Your instructions
Using the data below, copy out all lines with the word "avec".

Records from a data source
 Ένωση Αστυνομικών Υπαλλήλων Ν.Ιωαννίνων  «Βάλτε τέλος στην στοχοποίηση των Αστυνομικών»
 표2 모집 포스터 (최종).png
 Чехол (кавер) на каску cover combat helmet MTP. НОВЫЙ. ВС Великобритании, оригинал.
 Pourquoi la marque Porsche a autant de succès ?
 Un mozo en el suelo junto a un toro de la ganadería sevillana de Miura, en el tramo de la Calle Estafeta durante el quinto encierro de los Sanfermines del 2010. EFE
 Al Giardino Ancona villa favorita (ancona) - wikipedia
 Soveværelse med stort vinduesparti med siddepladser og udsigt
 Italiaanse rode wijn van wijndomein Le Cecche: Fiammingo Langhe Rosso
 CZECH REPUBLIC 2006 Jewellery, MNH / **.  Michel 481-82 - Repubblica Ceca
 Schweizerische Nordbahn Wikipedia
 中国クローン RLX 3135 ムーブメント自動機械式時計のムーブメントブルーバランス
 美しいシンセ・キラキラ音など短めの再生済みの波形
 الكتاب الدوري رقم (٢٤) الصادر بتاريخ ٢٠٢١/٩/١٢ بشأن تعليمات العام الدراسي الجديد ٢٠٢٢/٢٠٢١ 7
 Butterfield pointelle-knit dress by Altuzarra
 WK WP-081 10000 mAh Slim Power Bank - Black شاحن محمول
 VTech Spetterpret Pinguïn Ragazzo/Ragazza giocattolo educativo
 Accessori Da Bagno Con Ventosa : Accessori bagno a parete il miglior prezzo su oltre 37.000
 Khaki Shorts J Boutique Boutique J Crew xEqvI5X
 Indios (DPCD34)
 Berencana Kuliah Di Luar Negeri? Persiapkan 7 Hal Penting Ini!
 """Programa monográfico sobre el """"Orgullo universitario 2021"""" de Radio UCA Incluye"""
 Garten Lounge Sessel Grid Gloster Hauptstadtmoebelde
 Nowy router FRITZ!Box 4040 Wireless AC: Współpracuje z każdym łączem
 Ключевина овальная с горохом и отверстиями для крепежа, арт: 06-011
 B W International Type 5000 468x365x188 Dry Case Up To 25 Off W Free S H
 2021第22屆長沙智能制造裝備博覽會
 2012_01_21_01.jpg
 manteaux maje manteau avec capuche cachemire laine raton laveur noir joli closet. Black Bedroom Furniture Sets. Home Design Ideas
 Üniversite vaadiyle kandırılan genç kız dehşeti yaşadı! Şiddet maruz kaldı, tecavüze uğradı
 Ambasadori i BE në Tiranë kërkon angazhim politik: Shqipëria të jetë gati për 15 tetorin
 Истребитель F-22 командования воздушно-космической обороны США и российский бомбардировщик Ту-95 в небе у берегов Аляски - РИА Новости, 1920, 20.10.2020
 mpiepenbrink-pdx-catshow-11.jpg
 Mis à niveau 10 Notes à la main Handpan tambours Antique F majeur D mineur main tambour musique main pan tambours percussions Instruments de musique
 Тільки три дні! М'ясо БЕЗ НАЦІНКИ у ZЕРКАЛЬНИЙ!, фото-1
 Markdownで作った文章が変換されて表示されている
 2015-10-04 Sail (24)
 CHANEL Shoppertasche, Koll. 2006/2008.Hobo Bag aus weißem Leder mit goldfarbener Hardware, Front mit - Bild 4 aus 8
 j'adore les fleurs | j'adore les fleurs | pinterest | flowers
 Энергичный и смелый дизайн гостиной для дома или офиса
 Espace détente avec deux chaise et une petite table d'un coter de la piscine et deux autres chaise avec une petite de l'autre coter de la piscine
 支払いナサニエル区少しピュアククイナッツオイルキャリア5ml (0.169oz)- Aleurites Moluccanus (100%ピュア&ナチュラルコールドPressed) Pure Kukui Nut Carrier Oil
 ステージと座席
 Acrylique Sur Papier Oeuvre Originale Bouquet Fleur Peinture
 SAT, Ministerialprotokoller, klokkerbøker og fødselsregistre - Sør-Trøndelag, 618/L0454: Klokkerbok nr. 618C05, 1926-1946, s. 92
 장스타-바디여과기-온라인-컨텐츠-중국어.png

Problem solution
 manteaux maje manteau avec capuche cachemire laine raton laveur noir joli closet. Black Bedroom Furniture Sets. Home Design Ideas
 Espace détente avec deux chaise et une petite table d'un coter de la piscine et deux autres chaise avec une petite de l'autre coter de la piscine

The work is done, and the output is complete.